Вообще говоря, и сэр Ральф Дарендорф, и высокопоставленный российский чиновник Владислав Сурков, защищая суверенитет, отстаивают принципы демократии. Только в случае Суркова речь идет совсем не о либеральной демократии. Здесь важно понимать, что неолиберальная демократия в России – это не какое-то новообразование, воспроизводящее (как предполагает Ф. Закария) (6, с. 90) опыт латиномериканских режимов 1960–1970 гг., а очередная реинкарнация Русской системы, вновь вызванная к жизни отнюдь не вопреки воле большинства российских избирателей.
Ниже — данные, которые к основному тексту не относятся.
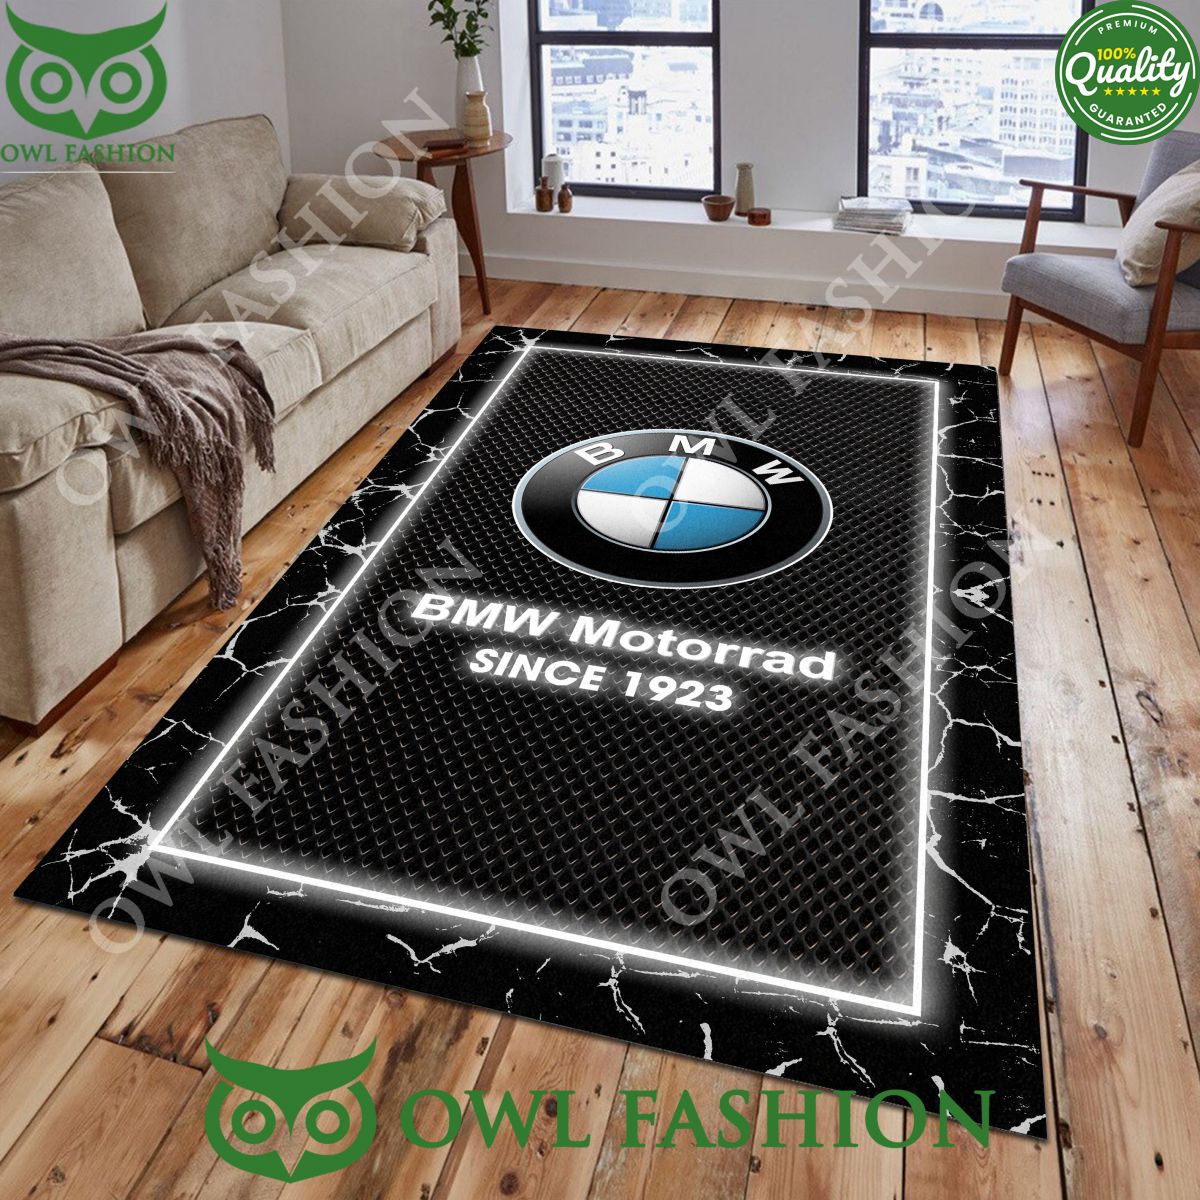 BMW Motorrad Luxury Motor Car Brand Custom Living Carpet Rug

Итак, болезненная адаптация общества к новой реальности, «возврат» государства (и по существу, и на символическом уровне), усилия власти по разработке политической идеологии – не является ли все это ингредиентами постсоветской национально-государственной идентичности? Несомненно, да, но набор необходимых ингредиентов все еще не полон. Требуются более общие и устойчивые ценностно-нормативные основания, развернутые как в прошлое, так и в будущее. И прежде всего речь здесь идет о традициях как факторе национального сплочения. Суть проблемы, перефразировав Ленина, блестяще сформулировал А.Б. Гофман: от какого наследства мы не отказываемся? По его словам, «в современной России ситуация с традициями и инновациями, их взаимодействием, отношением к ним со стороны интеллектуалов и власти отличается чрезвычайной неопределенностью, многозначностью, амбивалентностью, синкретизмом» (4, с. 50). Основная сложность состоит в том, что современная Россия – это не страна без традиций, а, скорее, страна с обрывками традиций. Любое обращение к традиции в современных условиях – это новая сборка, конструктивистское действие. Упомянутые выше усилия путинской команды по утверждению государственной символики постсоветской России как раз являются примером такого рода конструктивизма, причем вполне успешного. Очевидно, что сегодня имеются довольно широкие (но не безграничные!) возможности комбинаторики традиций и инноваций, собственного и заимствованного опыта. Например, усилие В. Суркова провозгласить новую синкретическую ценностную триаду в составе материального успеха, свободы и справедливости можно рассматривать как попытку воспользоваться существующими разрывами культурной традиции (см.: 11).